BRETT, Judge (dissenting).

¶1 This decision was filed on September 27, 1972, without being submitted to me for consideration prior to its being filed. Insofar as the original decision, filed June 30, 1971, was written by me and reversed the conviction, I am compelled to file this dissent separately.

¶2 What the majority opinion leaves out of the factual statement of this case was the basis for the earlier reversal. In that decision Judge Nix concurred and Presiding Judge Bussey did not participate.

¶3 On cross-examination, Officer Maxwell was asked by defense counsel, "What was your reason for getting out and going about the automobile?" The officer answered, "I was curious as to what they were doing at that particular time of the night." [11:55 P.M] (Emphasis added.) The officer was subsequently asked, "In your presence then, before you got out and made your investigation, there hadn't been any law violated up until that time is that right?" The officer answered "No, sir."

¶4 This Court stated in Ellsworth v. State, Okl.Cr., 295 P.2d 296, 298 (1956), the following:

"The search must be justified by the steps that preceded it. Edwards v. State, 83 Okl.Cr. 340, 177 P.2d 143, 147. The partially filled bottle of gin played no part in the arrest, it was discovered after the unlawful arrest, based on suspicion. Hence, the search and seizure was not incident to a lawful arrest, or upon probable cause of the commission of a felony, but upon mere suspicion and is a violation of the Bill of Rights, Art. 2, § 30 [2-30], Oklahoma Constitution. Hoppes v. State, 70 Okl.Cr., 179, 105 P.2d 433; Johnson v. State, 92 Okl.Cr. 63, 220 P.2d 469."
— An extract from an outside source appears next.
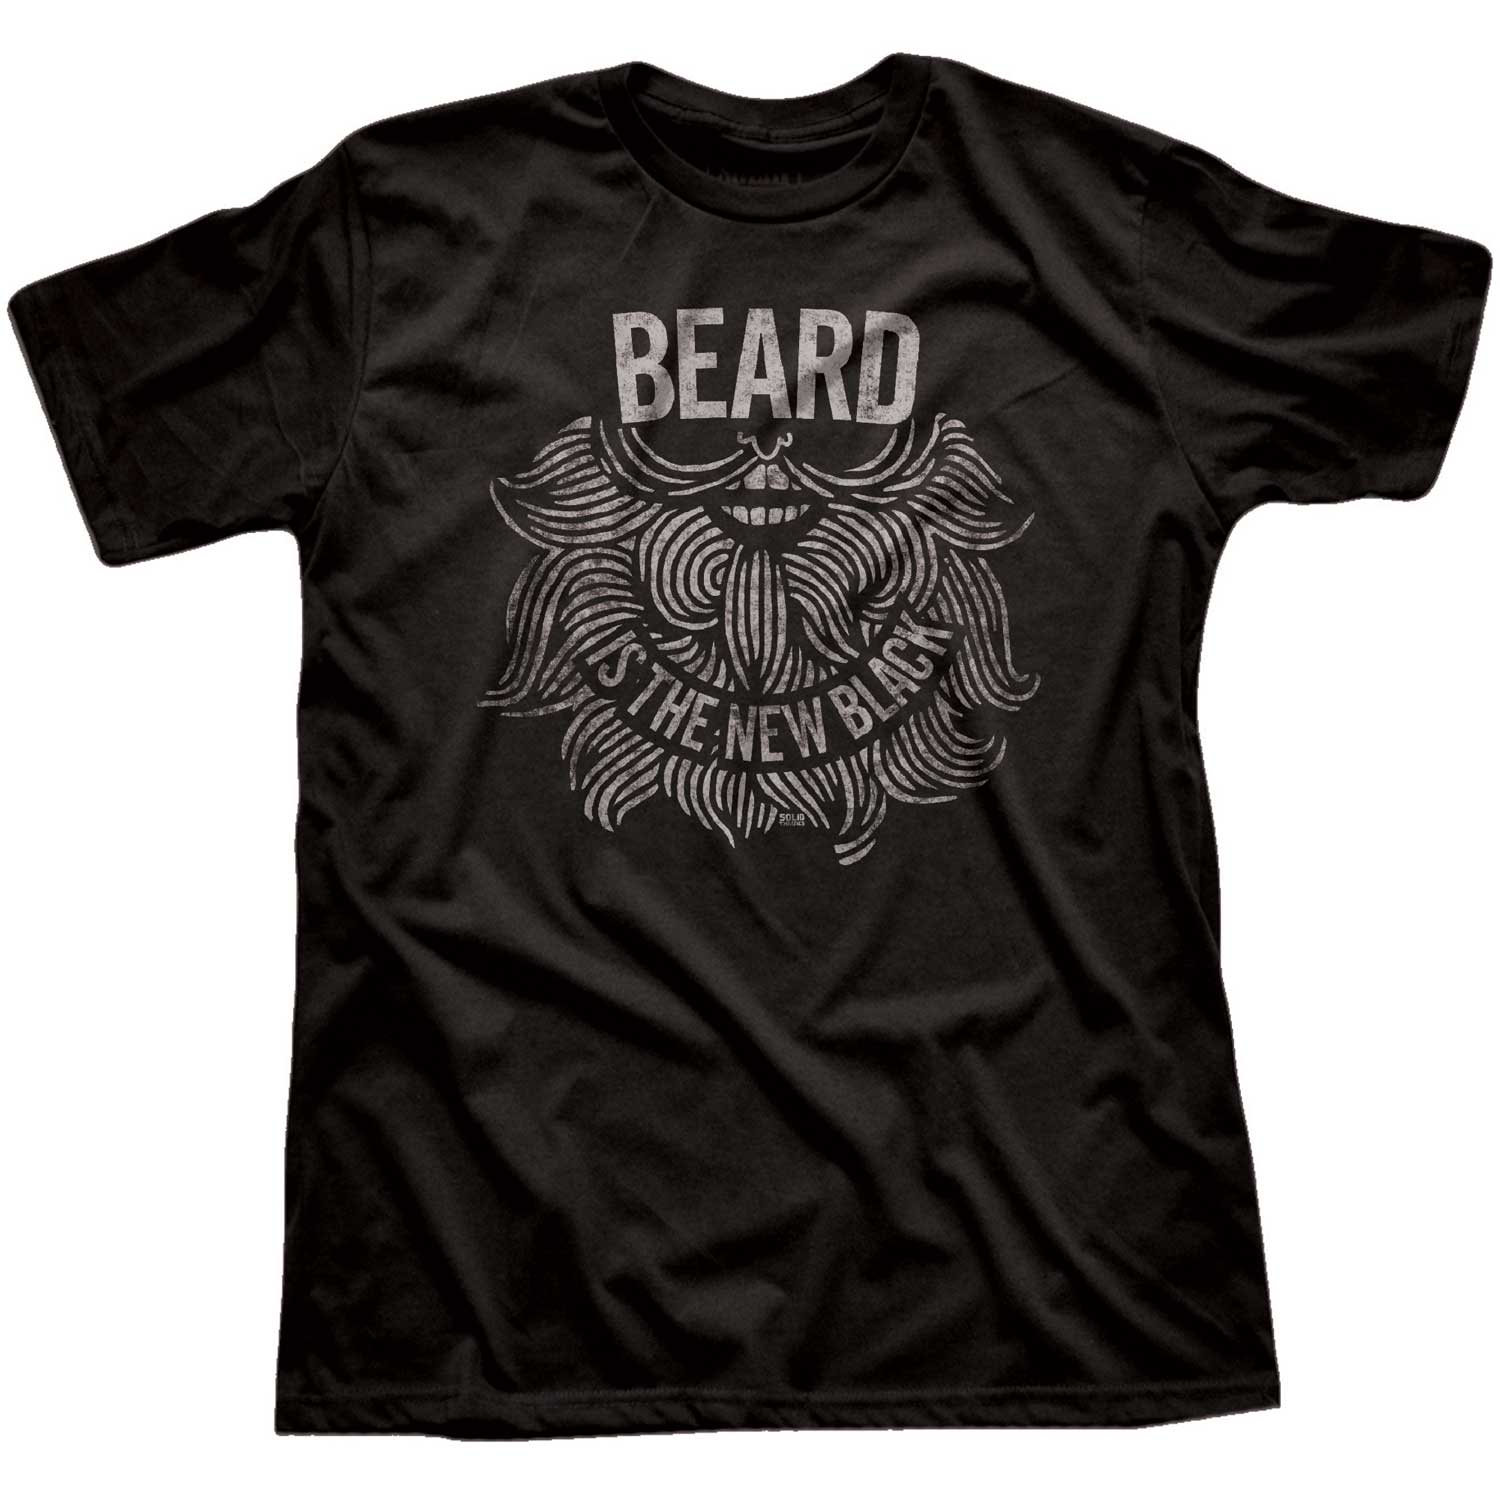 Men's Beard Is The New Black Vintage True Black Graphic T-Shirt | Funny Hipster Tee | Solid Threads

¶5 This Court also provided in the fifth paragraph to the Syllabus to Jones v. State, 82 Okl.Cr. 91, 166 P.2d 443 (1946):

"Where an officer, after lawfully stopping or restraining a person, becomes aware that an offense is being committed or is about to be committed in the officer's presence, he may lawfully arrest the offender without a warrant, but where the officer becomes aware of the facts constituting the offense after making an unlawful arrest, the arrest cannot be justified as being for an offense committed in the officer's `presence'." (Emphasis added.) See also: Holland v. State, 93 Okl.Cr. 180, 226 P.2d 448 (1951)

¶6 The facts in Trujillo v. United States, supra, referred to by the majority, are distinguishable to the instant case. "Two Albuquerque, New Mexico, police officers, . . . had received information from sources which they knew to be reliable . . . that he [Trujillo] was selling heroin in the Barelas area of Albuquerque." However, in the instant case, the officer "was curious as to what they were doing at that particular time of the night."

¶7 In Ellison v. State, supra, from that record one is left to conclude that the officers drove their police car into the driveway in order to turn the vehicle around, when Ellison was observed to drop the packet of contraband. There was nothing in the record to indicate that THEY WERE SUSPICIOUS, with reference to the defendant's being where he was. In the instant case the record is specifically clear that the officers stopped because they were suspicious.

¶8 As I view the record, the conviction was premised on suspicion; and the officers lacked sufficient probable cause to arrest defendant; and therefore, lacking probable cause there was no justification for the police to invade defendant's right of privacy, which prompted the alleged "dropping incident." Therefore, I respectfully dissent to this decision.